Johannes Giersing

Personal information
- Born: Johannes Hjalmar Giersing 18 November 1872 Odense
- Died: 11 November 1954 (aged 81) Copenhagen

Chess career
- Country: Denmark

= Johannes Giersing =

Danish chess player

 Johannes Hjalmar Giersing (18 November 1872, Odense – 11 November 1954, Copenhagen) was a Danish chess master.

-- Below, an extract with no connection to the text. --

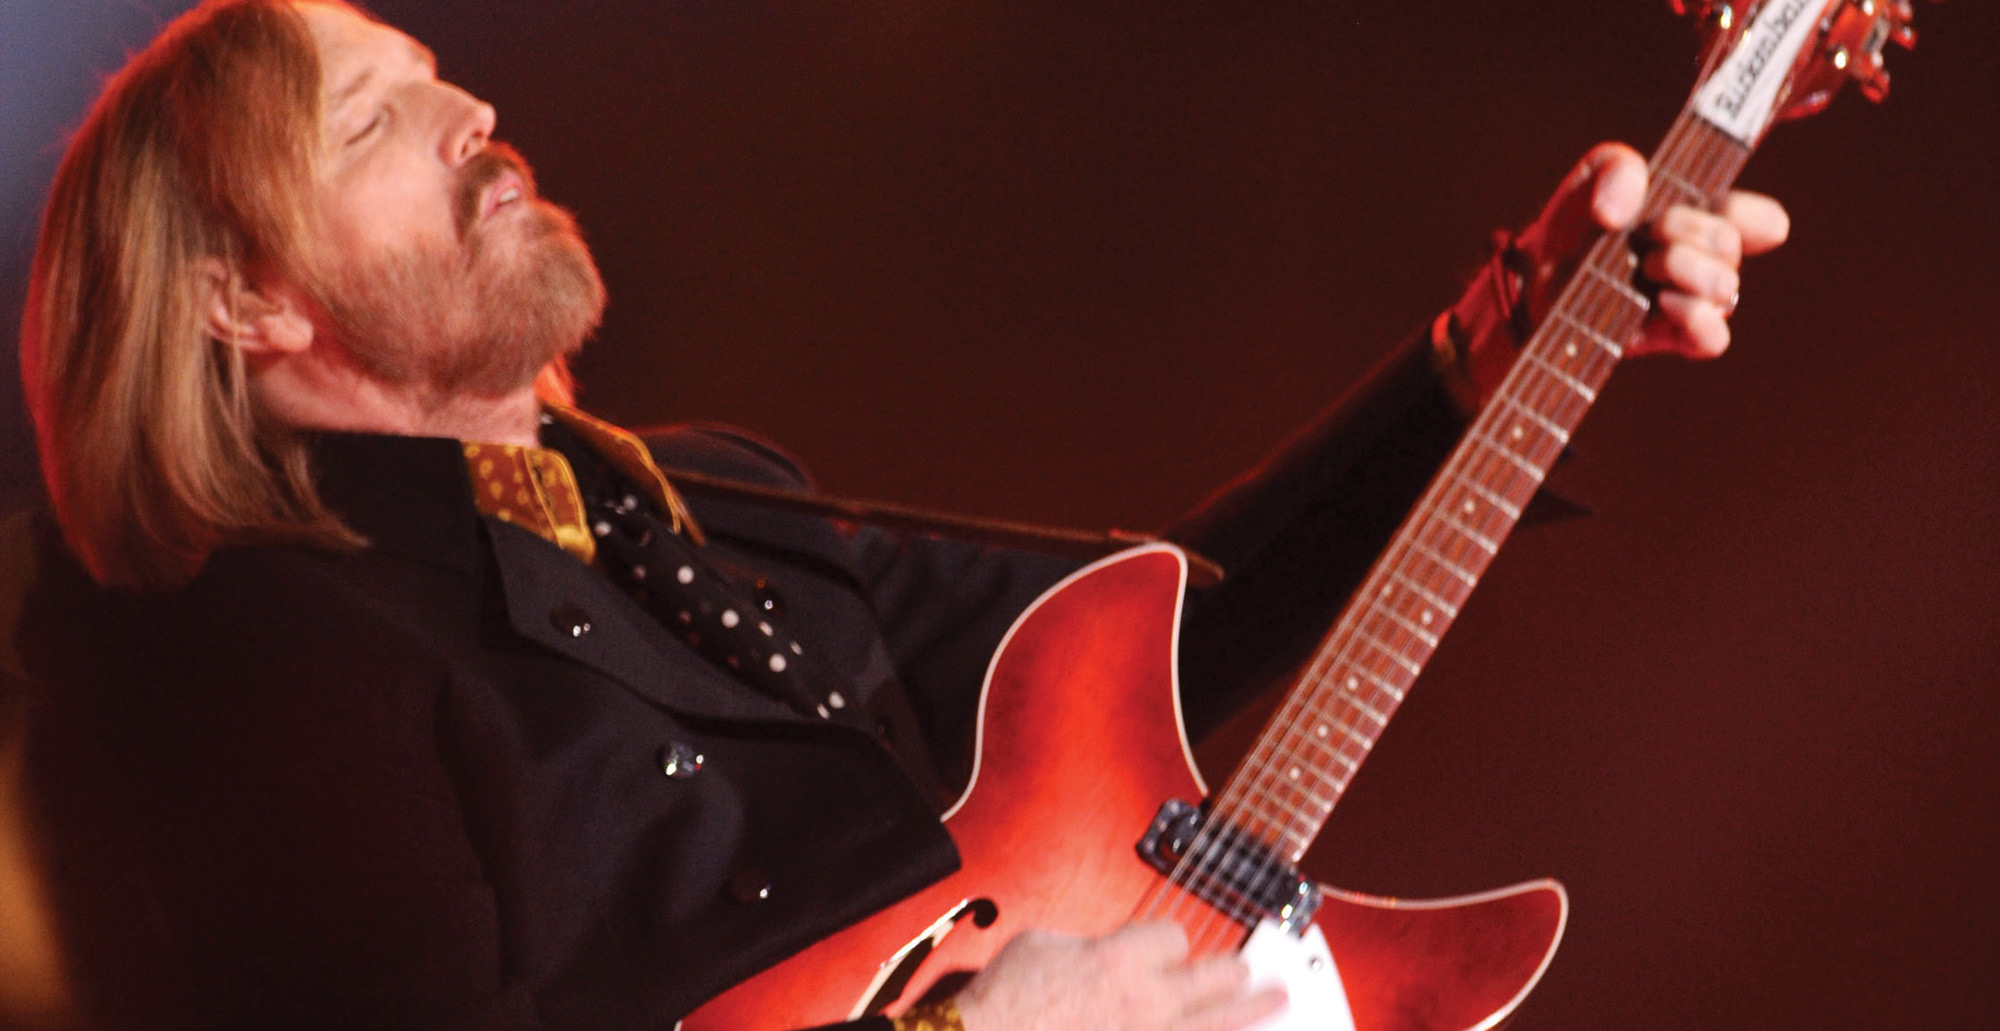 Tom Petty American Girl. Strumming Session – Guitar Coach Magazine

At the beginning of his career, he tied for 4-5th in Copenhagen 1895 (Andreas Rosendahl won). Giersing played several times in Nordic Chess Championship, and won at Kristiania (now Oslo) 1903 (4th Nord-ch). He also took 6th at Copenhagen 1899 (2nd Nord-ch, Jörgen Möller won); tied for 5-6th at Göteborg 1901 (3rd Nord-ch, Möller won); took 10th at Stockholm 1906 (Ossip Bernstein and Carl Schlechter won), took 10th at Stockholm 1912 (8th Nord-ch, Alexander Alekhine won), tied for 6-7th at Copenhagen 1916 (9th Nord-ch, Paul Johner won), took 5th at Kristiania 1917 (10th Nord-ch, Gustaf Nyholm won), and took 11th at Copenhagen 1924 (12th Nord-ch, Aron Nimzowitsch won).

Giersing won the Danish Championship at Horsens 1915, won at Copenhagen 1918, and took 3rd at Aarhus 1925 (DEN-ch, Erik Andersen won).